One of the recommendations from FERC and NERC’s joint report on the February 2021 winter storm that knocked out power in Texas and surrounding states was to improve electric-gas coordination. The North American Energy Standards Board has been assigned that work.

Concerns over electric-gas coordination are national in scope, and FERC should not try to resolve them via proceedings on one winter reliability event in the Eastern Interconnection, PJM said.

Other Parties Weigh In

Sierra Club filed a response to several of the complaints, noting that they arose from the first application of the CP rules, which are also the subject of stakeholder proceedings looking into future changes. The organization said it is important to remember that a central objective of the rules was to get generators to change their behavior and investment decisions in ways that would improve reliability.

“Taking on a capacity obligation in PJM — in exchange for hundreds of millions of dollars in revenue — is not and should not be a risk-free enterprise,” Sierra said. “For the Capacity Performance system to work, suppliers must be held to the rules they agreed to when taking on and accepting payments for capacity obligations.”

Sierra had some sympathy with one of the complainants: SunEnergy1, a solar farm that wants relief going forward to excuse solar from the risk of nonperformance when the resource has little availability — and is paid less to reflect that. But natural gas generators should not be excused from the penalties because of “the inflexible gas supply arrangements” they prefer to make.

“Where penalties cannot drive better performance, a resource’s nonperformance should not incur penalties,” Sierra said. “In contrast, penalties should apply where resources can take steps to improve performance, such as weatherizing equipment or procuring gas in order to fulfil their capacity obligations — as the commission concluded after considerable discussion back in 2015.”

Constellation Energy Generation argued that FERC should dismiss the complaints because customers in PJM pay billions per year to ensure generator availability and the suppliers who failed to show up during Elliott knew what they were risking before the storm.

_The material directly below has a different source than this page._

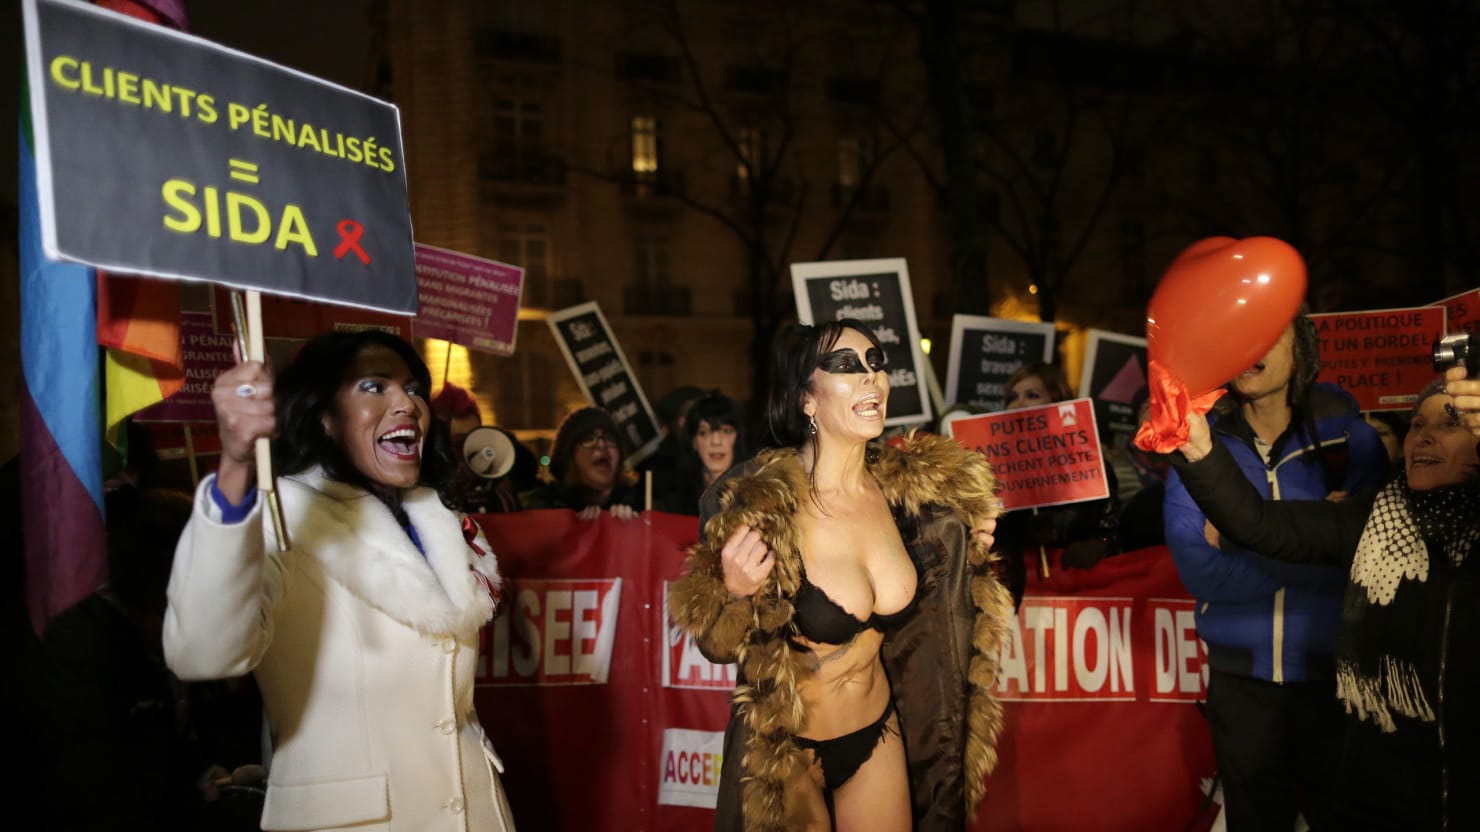 Frances New Prostitution Law Targets Johns Ignites National Debate

“PJM’s tariff is clear, unambiguous and strict: Penalties are mandatory when a CP resource fails to meet performance expectations during an emergency action declared by PJM,” Constellation said. “The exceptions are intentionally narrow.”

While generators face risks, they are allowed to include them in their capacity offers, along with the costs of investments to mitigate them. Generators also have the option to only participate in the energy market and avoid CP entirely.

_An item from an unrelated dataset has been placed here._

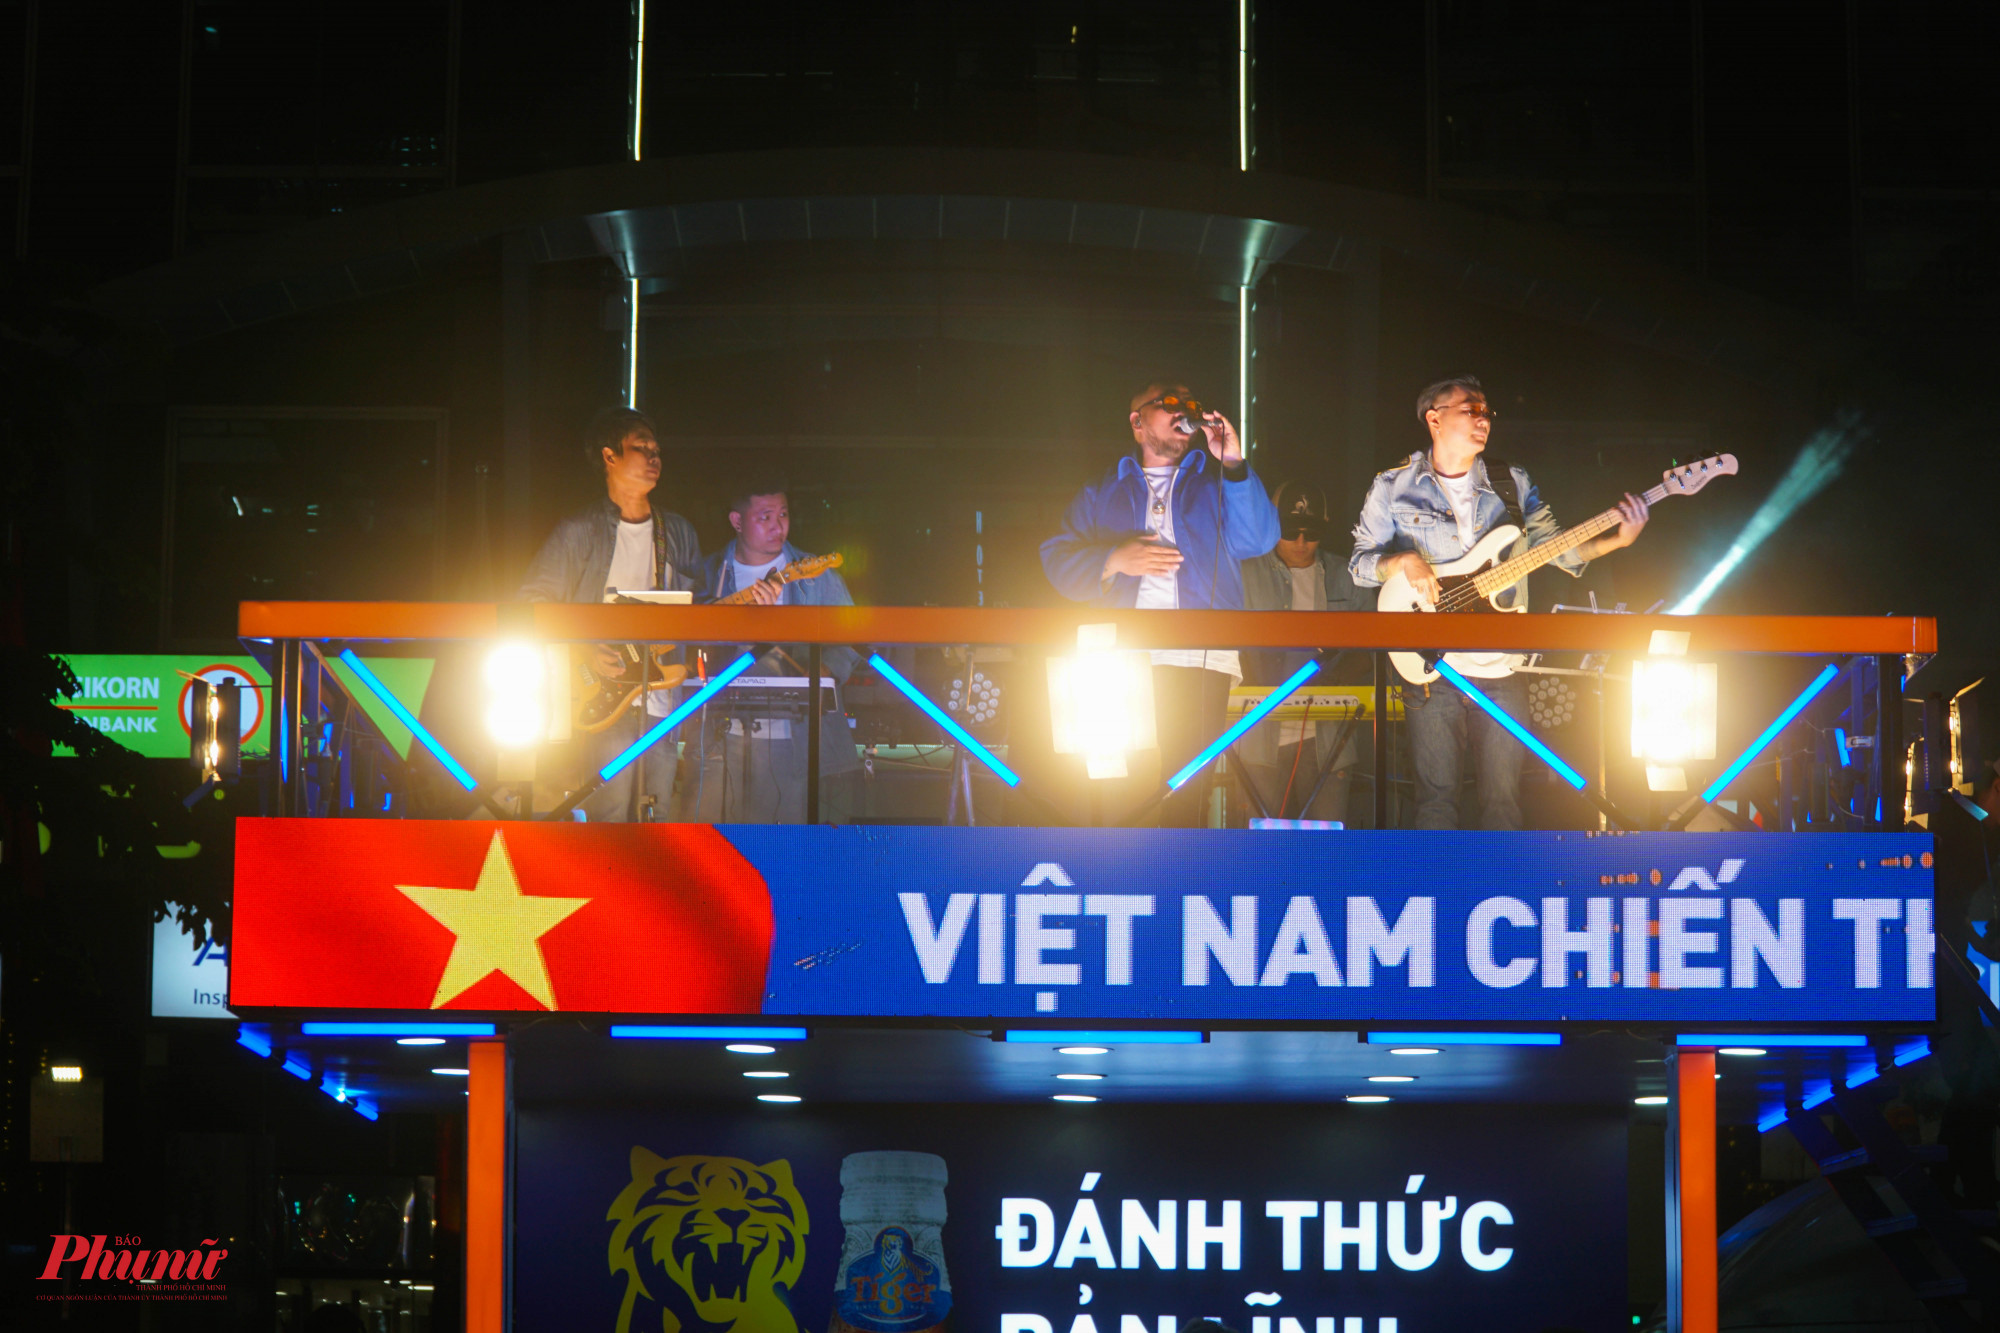 Một ban nhạc chơi cuồn nhiệt ngay giữa sân khấu chính để cổ vũ cho đội tuyển Việt Nam

“With full knowledge of the risks and obligations of accepting a capacity commitment, complainants bid into the capacity auction, received capacity commitments and cashed checks from ratepayers,” Constellation said. “But when their capacity was needed, they failed to deliver. Now they don’t want to pay the resulting penalties.”

Vistra told FERC that the markets performed as designed during Elliott, with some generators underperforming and others overperforming, while PJM maintained reliability.

“The complaints invite the commission to second-guess PJM’s operational decisions during emergency conditions and/or disrupt the market outcomes designed to flow from those decisions pursuant to the filed rate,” the company said. “Vistra respectfully submits that both invitations are perilous and, to maintain both the integrity of the market and the proper incentives needed for system reliability, the commission should view the complaints with skepticism.”

Even if FERC sides with the complaints, it should affirm the continued validity of the CP rules, Vistra said.